The data below should be restated word for word, with every picture omitted.
____ Source material
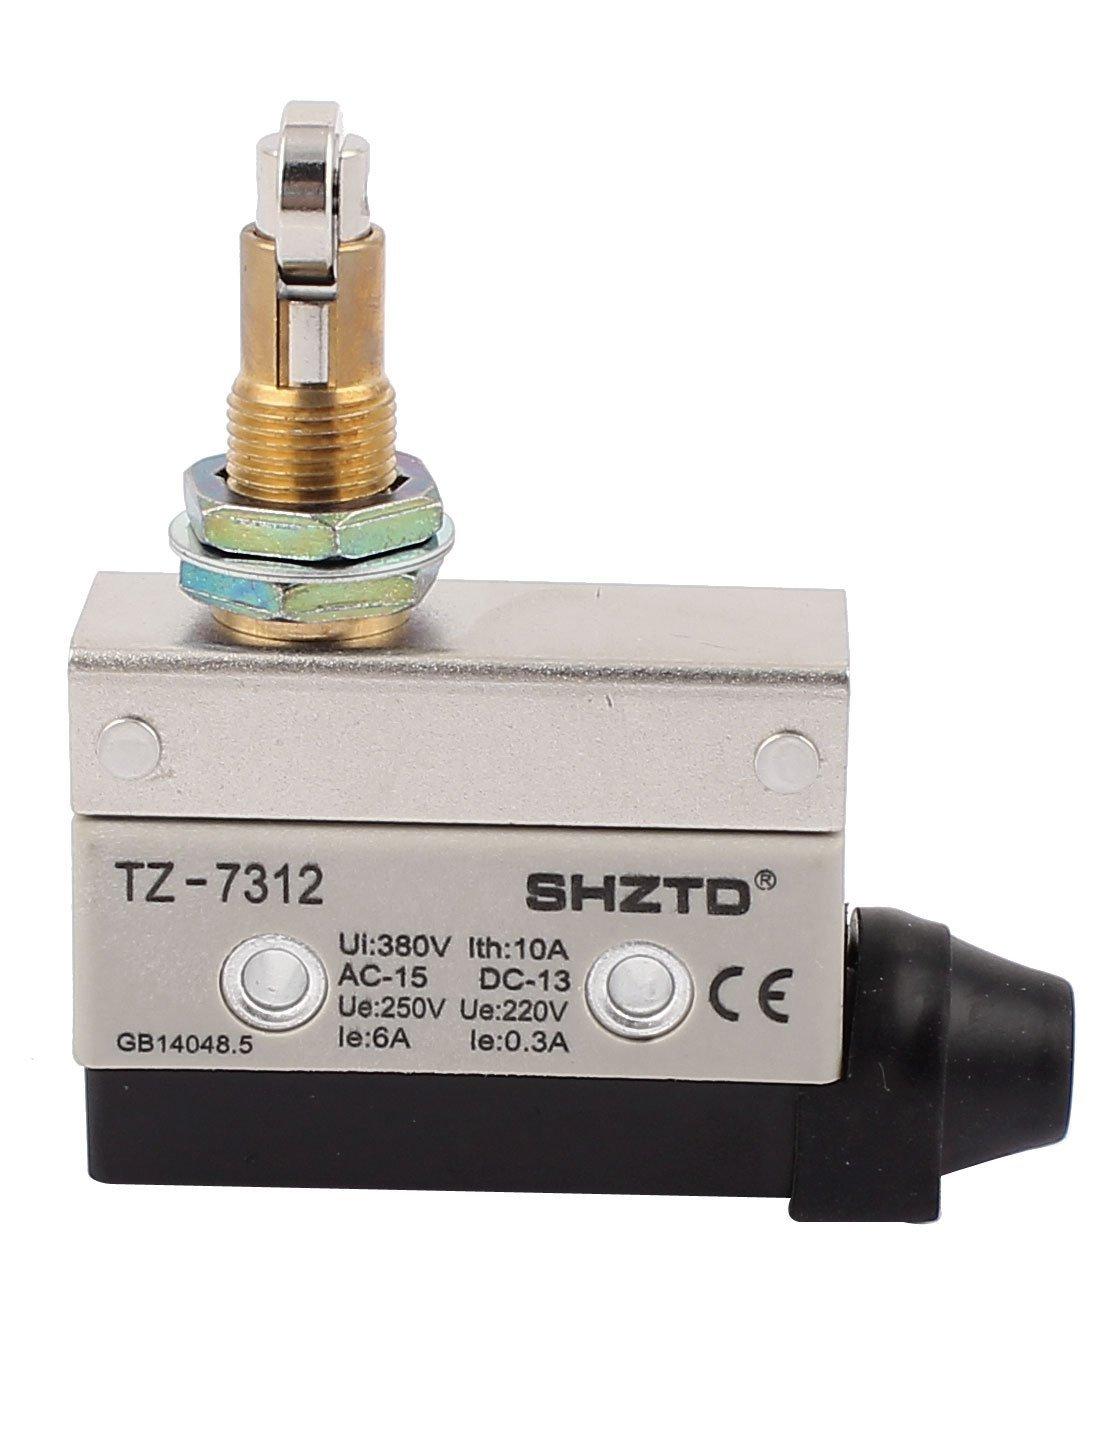 DealMux AC 380V 10A SPDT 1NO+1NC Snap Action Roller Plunger Limit Switch
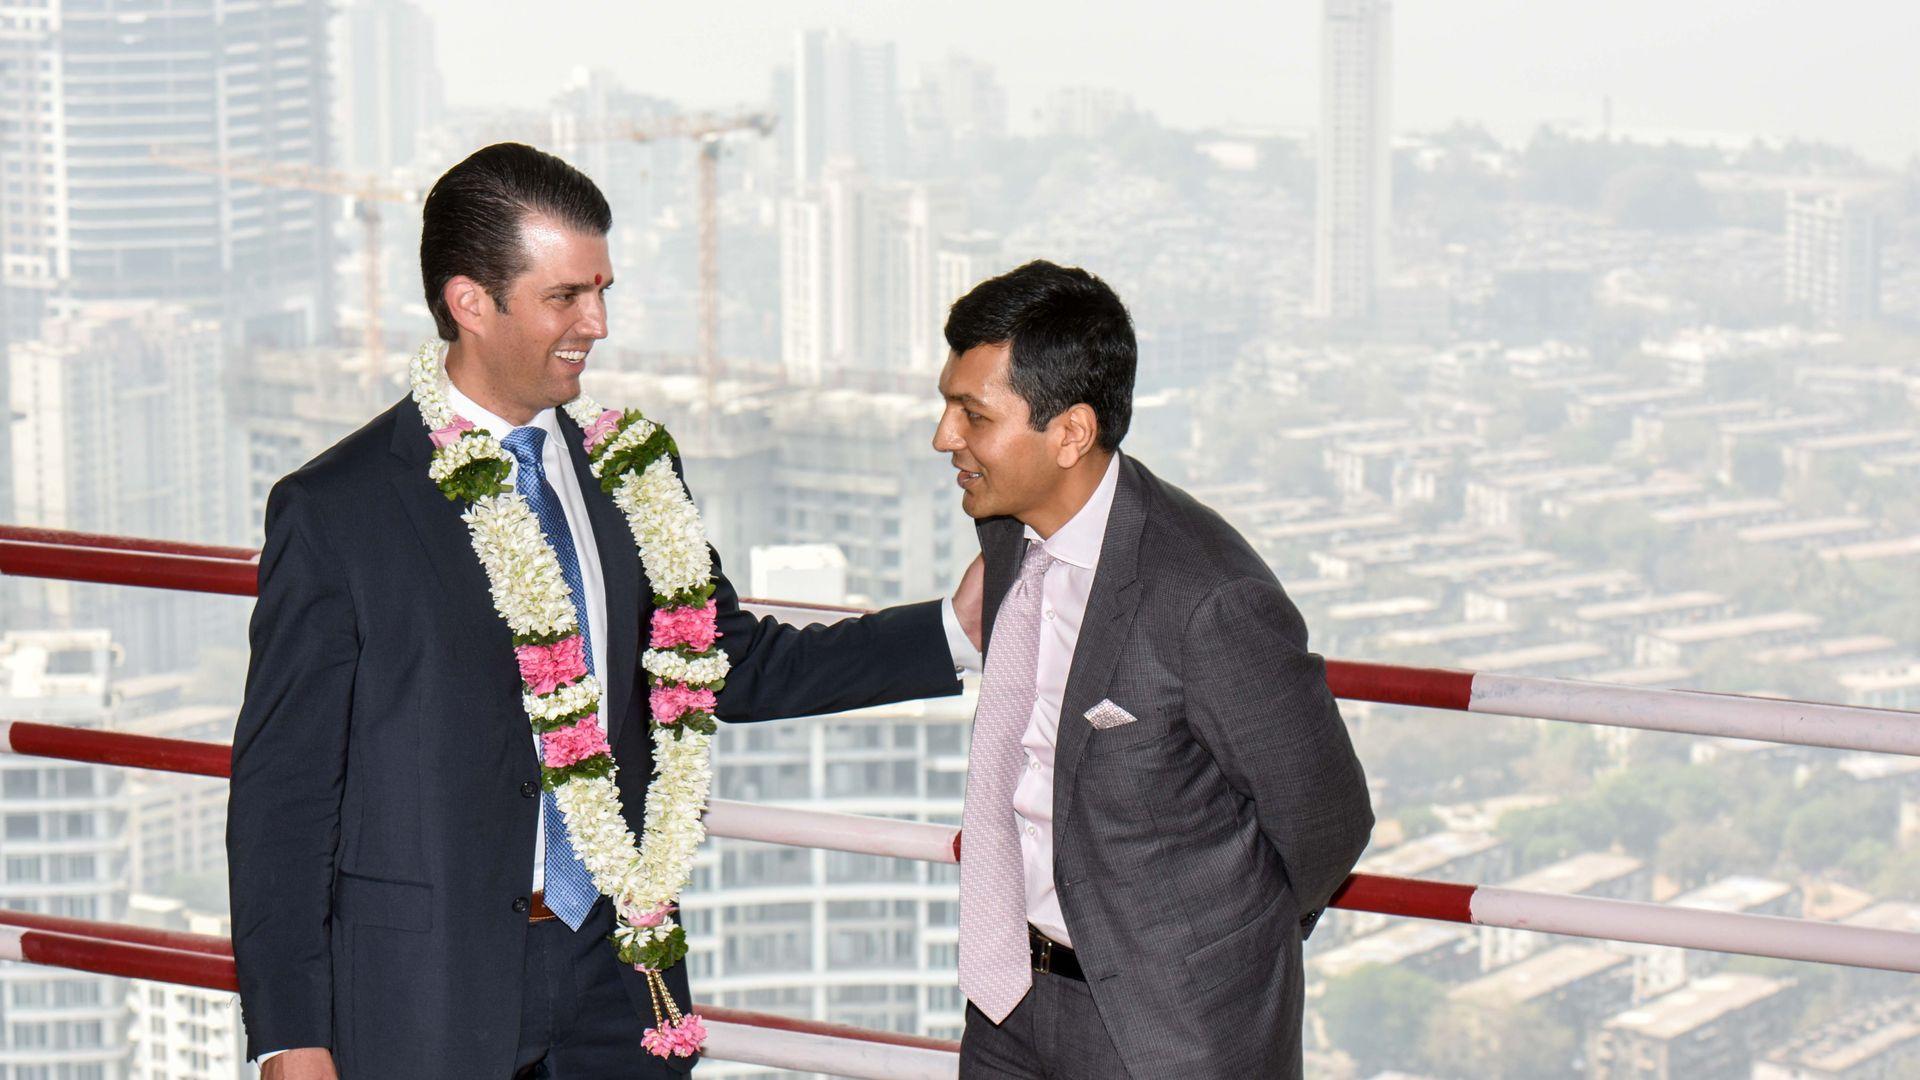 Trump Jr. and indian businessman
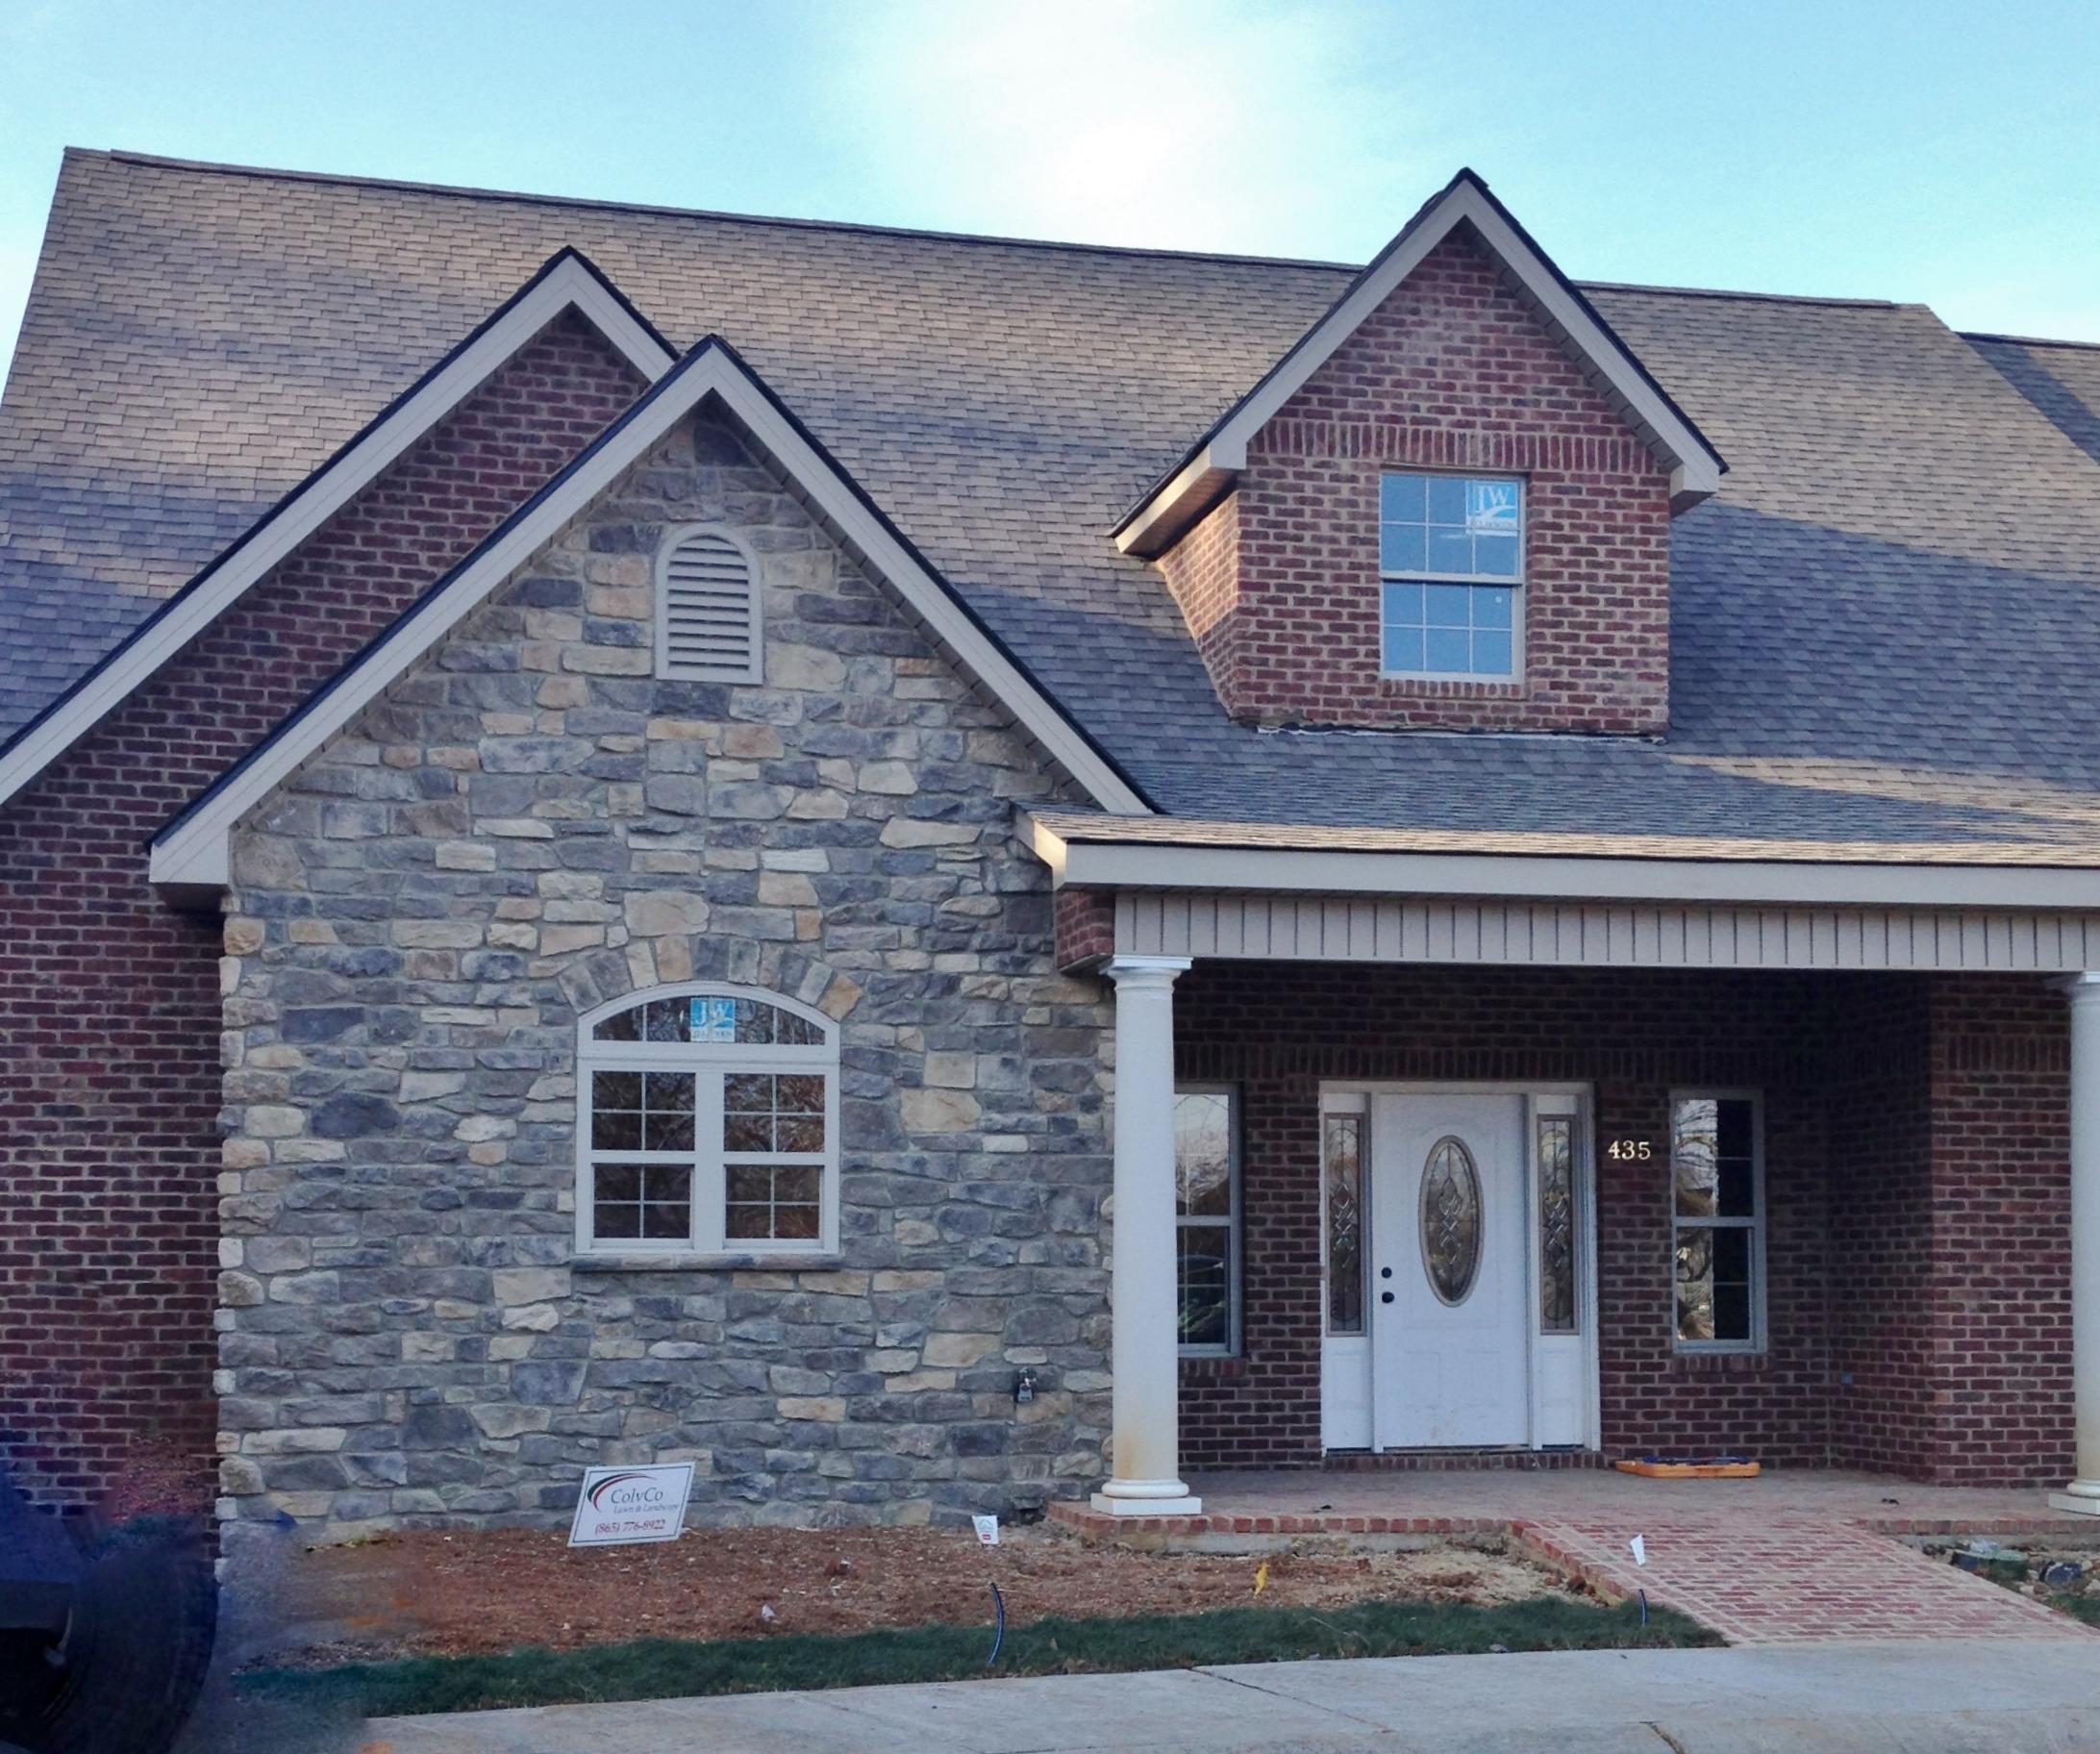 Condominium for Sale at 411 Savannah Village Drive 411 Savannah Village Drive Maryville, Tennessee 37803 United States
________
Solution below:
 DealMux AC 380V 10A SPDT 1NO+1NC Snap Action Roller Plunger Limit Switch
 Trump Jr. and indian businessman
 Condominium for Sale at 411 Savannah Village Drive 411 Savannah Village Drive Maryville, Tennessee 37803 United States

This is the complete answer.